Wednesday, July 27, 2011

Victor Fleming, George Cukor, and Mervyn LeRoy | The Wizard of Oz


Noel Langley, Florence Ryerson, Edgar Allan Wolf (screenplay, based on the book by L. Frank Baum), Irving Breacher, Willliam H. Cannon, Herbert Fields, Arthur Freed, Jack Haley, E. Y. Harburg, Samuel Hoffenstein, Bert Lahr, John Lee Mahin, Herman J. Mankewicz, Jack Mintz, Ogden Nash, Robert Pirosh, George Seaton, and Sid Silvers (credited and uncredited dialogue), Harold Arlen and E. Y. Harburg (songs), Victor Fleming, George Cukor [uncredited] and Mervyn LeRoy [uncredited] (directors) The Wizard Of Oz / 1939

It seems as if everyone in Hollywood was, in one way or another, involved in the writing and directing of the great film classic The Wizard of Oz. But the enduring song "If I Only Had a Brain" had only a composer and a lyricist, the incomparable Harold Arlen and E. Y. Harburg. Originally written for the 1937 Broadway musical, Horray for What!, it was cut from that production. Writing new lyrics, Harburg featured it in his great score as a perfect song for the movie's talking, dancing scarecrow.

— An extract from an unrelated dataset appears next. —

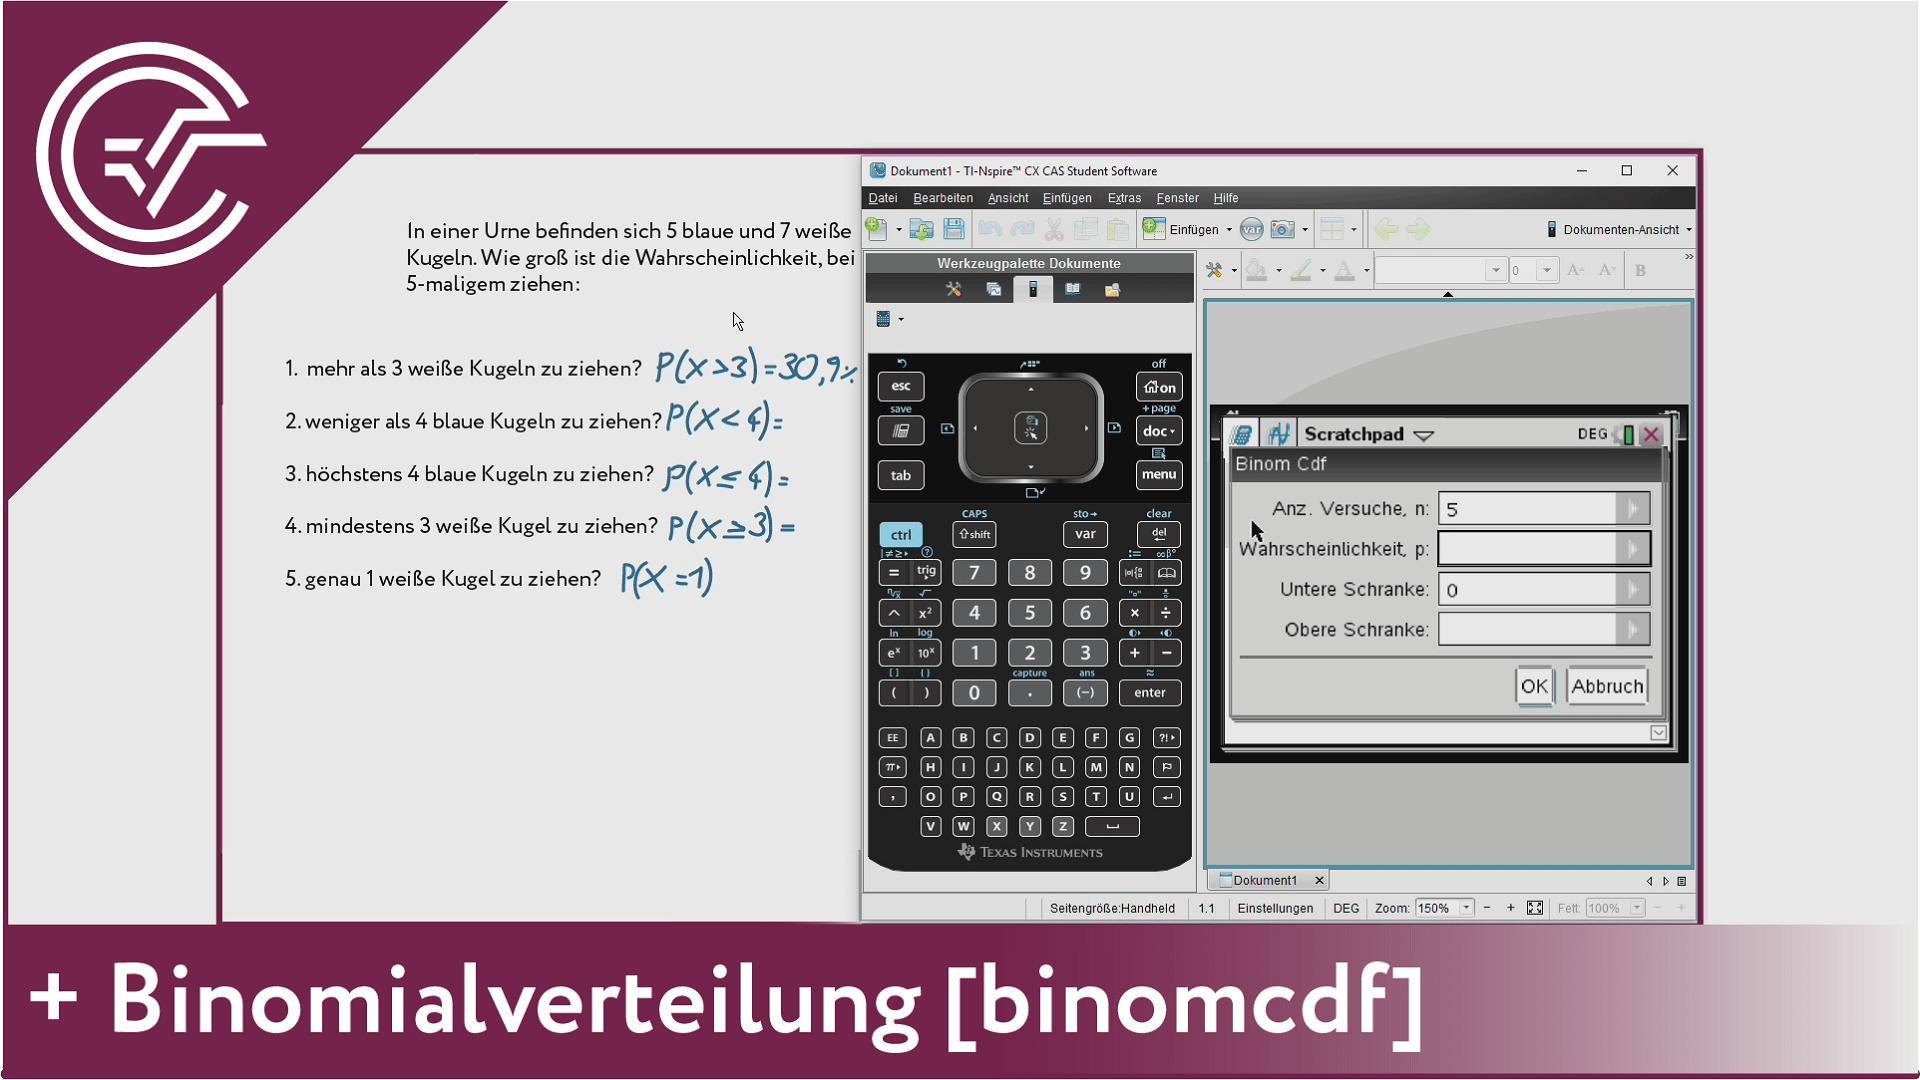 11. Binomialverteilung - binomcdf [TI-Nspire]

Dancing as if he were a straw-stuffed puppet whose strings were pulled from somewhere on high, Bolger, always an entertaining and comical dancer, outdoes himself with the lightness of his feet. At times his entire body seems almost to float, as if he really were stuffed with hay instead bones and gristle. Yet, as a straw man, each attempt to fly off into dance ends, sadly, with gravity's pull, and his body's collapse.

The song he sings also seems to float in its comicality, making his poignant desire to "have a brain" even more magical, since we realize immediately that anyone who can think of what to do with a brain like he can, is near to genius:

I could wile away the hours
Conferrin' with the flowers
Consultin' with the rain
And my head I'd be scratchin'
While my thoughts were busy hatchin'
If I only had a brain.

He and Dorothy (Judy Garland) end this wonderful dance number in their memorable skip-to-my-lou down the yellow brick road, which also demonstrates the dancing talents of the young Garland. Garland, while not a great dancer has certainly shone in several dance numbers. Her pairing with Fred Astaire in "We're a Couple of Swells" in Easter Parade and her memorable struts in "Get Happy" in the musical film Summertime immediately come to mind. But in her gingham dress and red ruby shoes, she is unforgettable. Even the dog, Toto, trots along on cue.